000 Xxxx Xxxxxx, 0xx Xxxxx
Xxx Xxxx, Xxx Xxxx 00000
"One Month LIBOR": As of any Interest Determination Date, the rate for
deposits in United States dollars for one-month U.S. dollar deposits which
appears in the Telerate Page 3750, as of 11:00 a.m., (London time) on such
Interest Determination Date. If such rate does not appear on Telerate Page 3750,
the rate for that day will be determined on the basis of the rates at which
deposits in United States dollars are offered by the Reference Banks at
approximately 11:00 a.m., London time, on that day to prime banks in the London
interbank market for a period equal to the relevant Accrual Period (commencing
on the first day of such Accrual Period). The Paying Agent will request the
principal London office of each of the Reference Banks to provide a quotation of
its rate. If at least two such quotations are provided, the rate for that day
will be the arithmetic-mean of the quotations. If fewer than two quotations are
provided as requested, the rate for that day will be the arithmetic-mean of the
rates quoted by major banks in New York City, selected by the Paying Agent, at
approximately 11:00 a.m., New York City time, on that day for loans in United
States dollars to leading European banks for a period equal to the relevant
Accrual Period (commencing on the first day of such Accrual Period). The Paying
Agent shall review Telerate Page 3750 at the required time, make the required
requests to the principal offices of the Reference Banks and selections of major
banks in New York City and shall determine the rate which constitutes One Month
LIBOR for each Interest Determination Date. The Trustee shall be entitled to
rely on the Paying Agent for the determination of One Month LIBOR.

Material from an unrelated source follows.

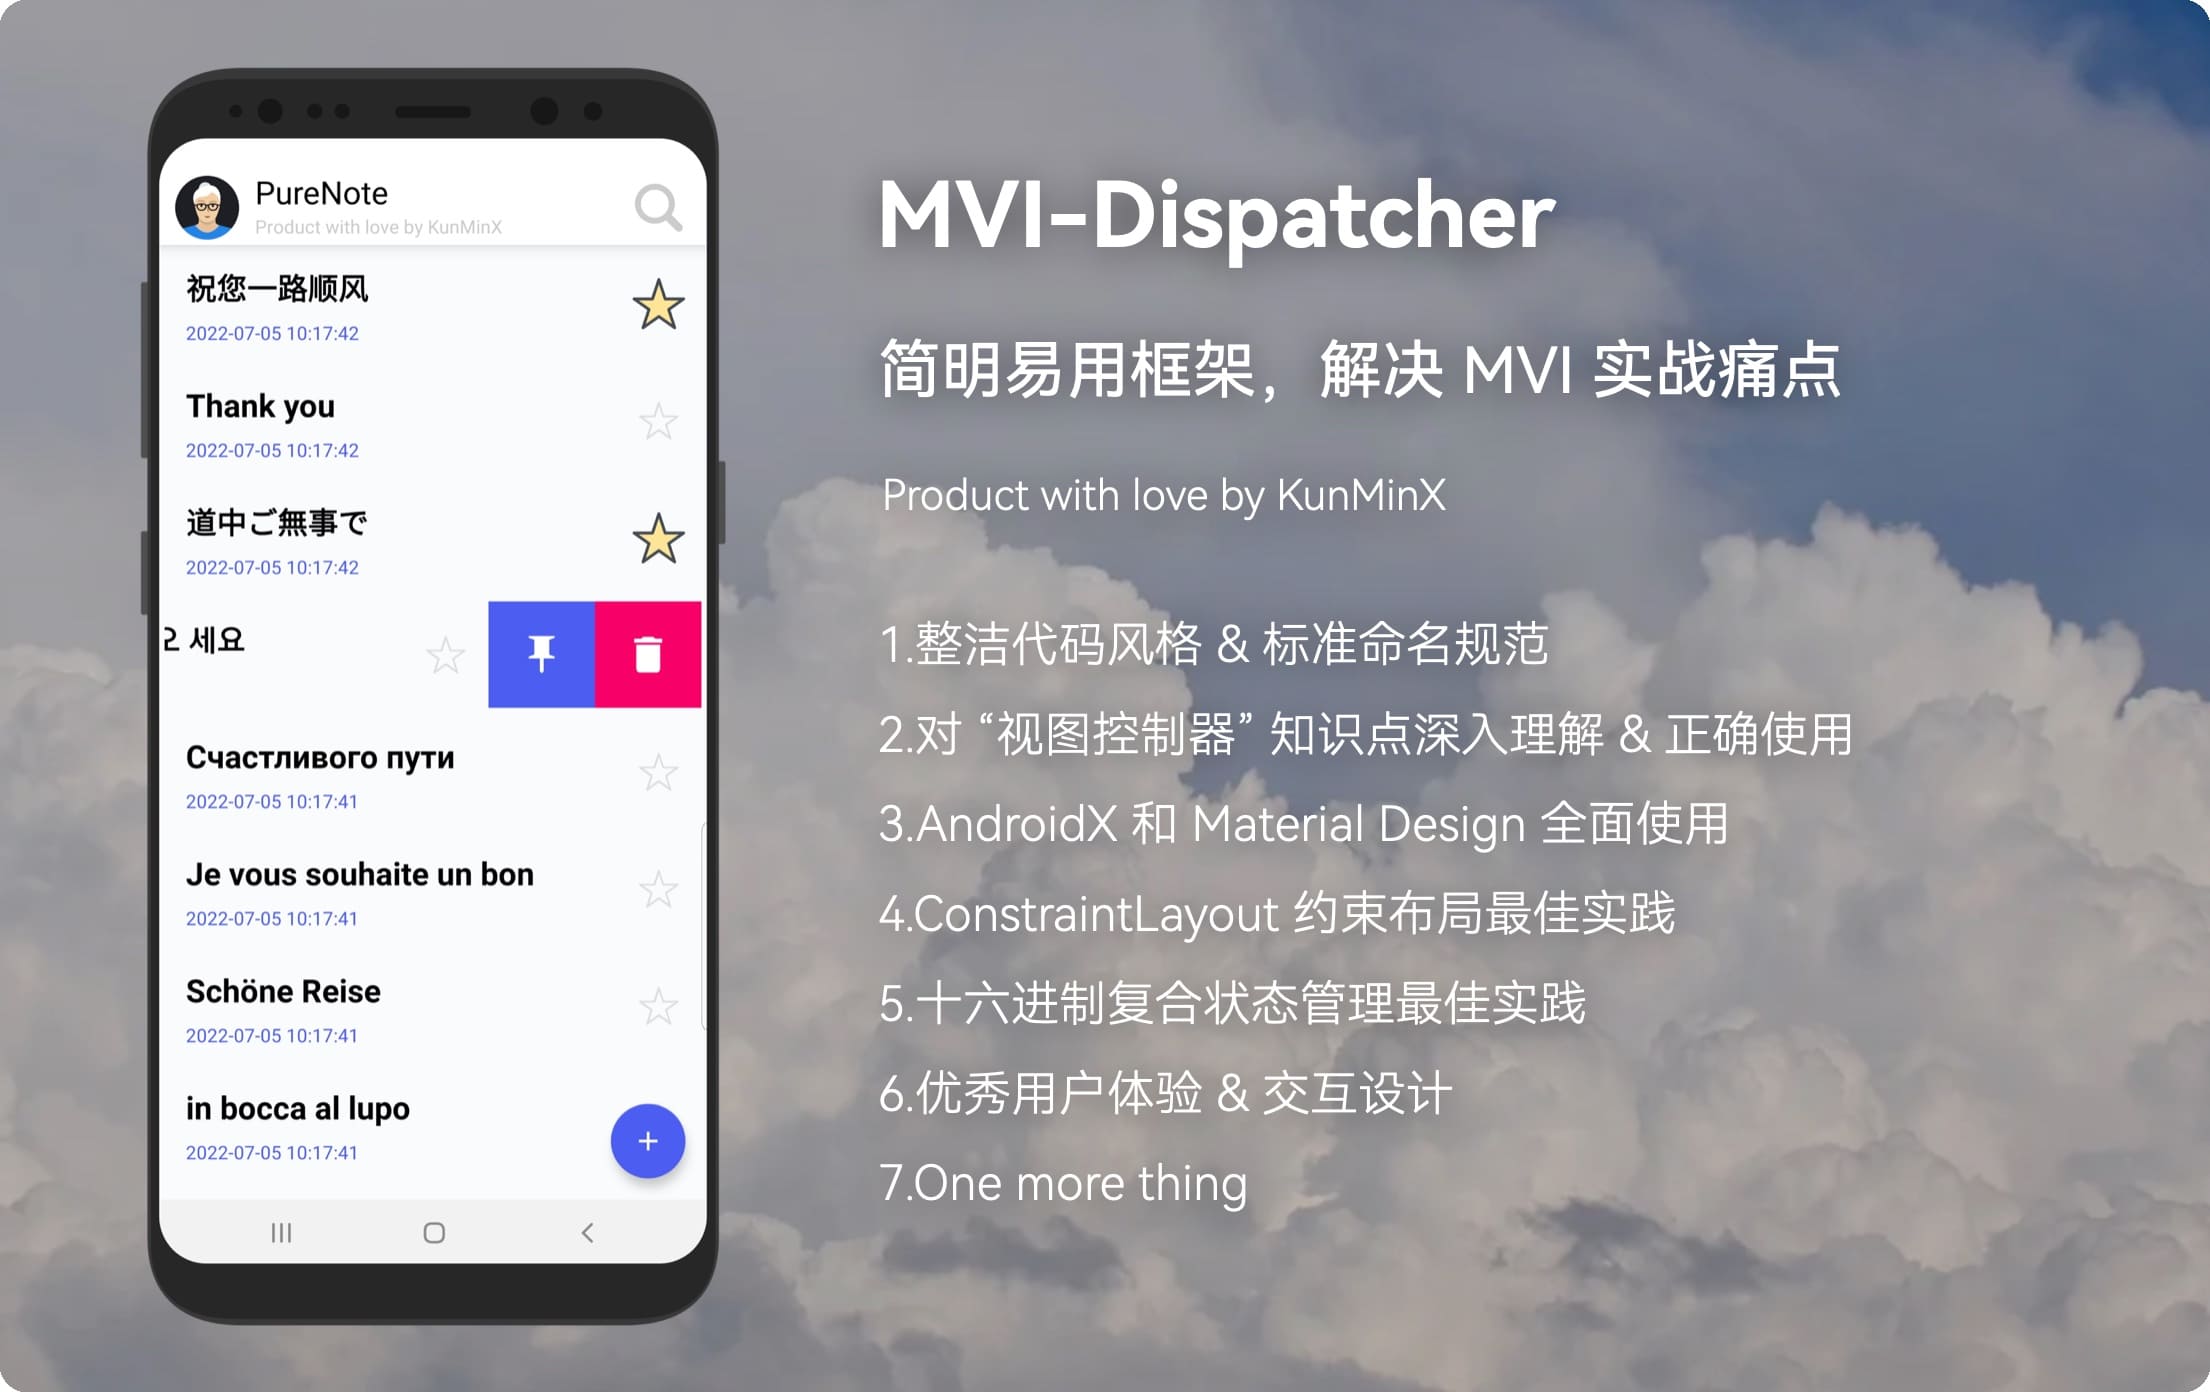 MVI-Dispatcher

"Private Certificate": Any of the Class C Certificates and the Class R
Certificates.
"Private Subordinated Certificate": Any of the Class C Certificates and
the Class R Certificates.
"Public Subordinated Certificate": Any of the Group I Subordinated
Certificates or the Group II Subordinated Certificates.
"Rating Agency": Each of Xxxxx'x and Fitch (or, if any such agency or a
successor is no longer in existence, such other nationally recognized
statistical rating agency, or other comparable Person, designated by the
Depositor, notice of which designation shall be given to the Trustee).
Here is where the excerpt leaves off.